**Recorded information**:
[Start of section]
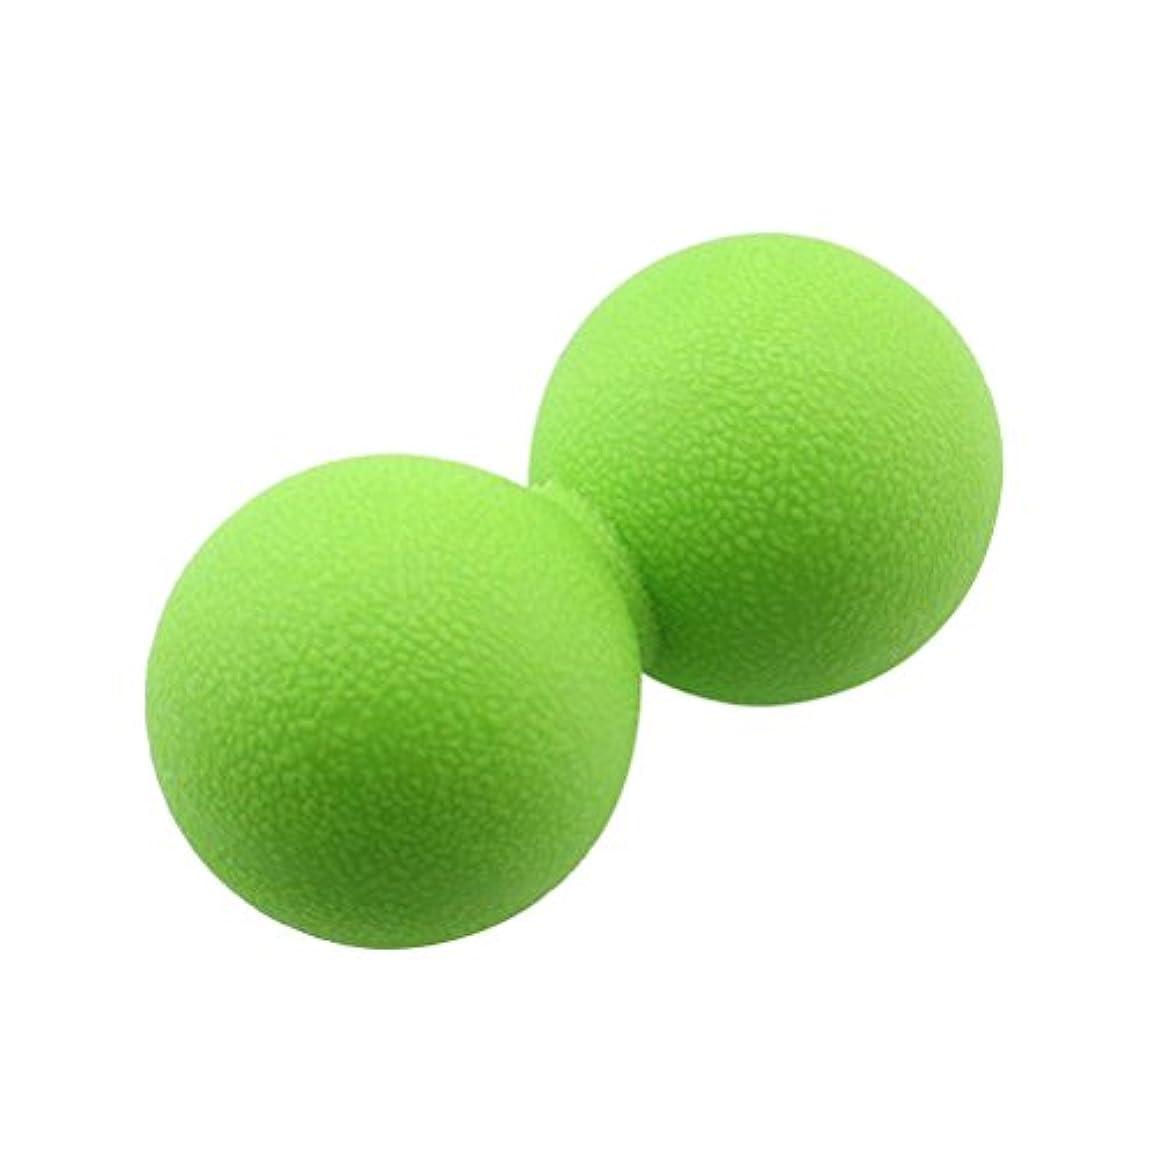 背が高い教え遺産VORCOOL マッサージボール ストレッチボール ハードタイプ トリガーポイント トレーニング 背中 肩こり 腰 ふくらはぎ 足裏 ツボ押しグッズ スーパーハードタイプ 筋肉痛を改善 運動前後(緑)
[End of section]
[Start of section]
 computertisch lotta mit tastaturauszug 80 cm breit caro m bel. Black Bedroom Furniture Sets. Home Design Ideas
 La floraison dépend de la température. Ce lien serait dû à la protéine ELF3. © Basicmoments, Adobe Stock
[End of section]
**Problem**: All that should be written out is the stretch of lines above between the one holding "computertisch lotta mit" and the one holding "La floraison dépend", inclusive, exactly as given.

**Result**:
 computertisch lotta mit tastaturauszug 80 cm breit caro m bel. Black Bedroom Furniture Sets. Home Design Ideas
 La floraison dépend de la température. Ce lien serait dû à la protéine ELF3. © Basicmoments, Adobe Stock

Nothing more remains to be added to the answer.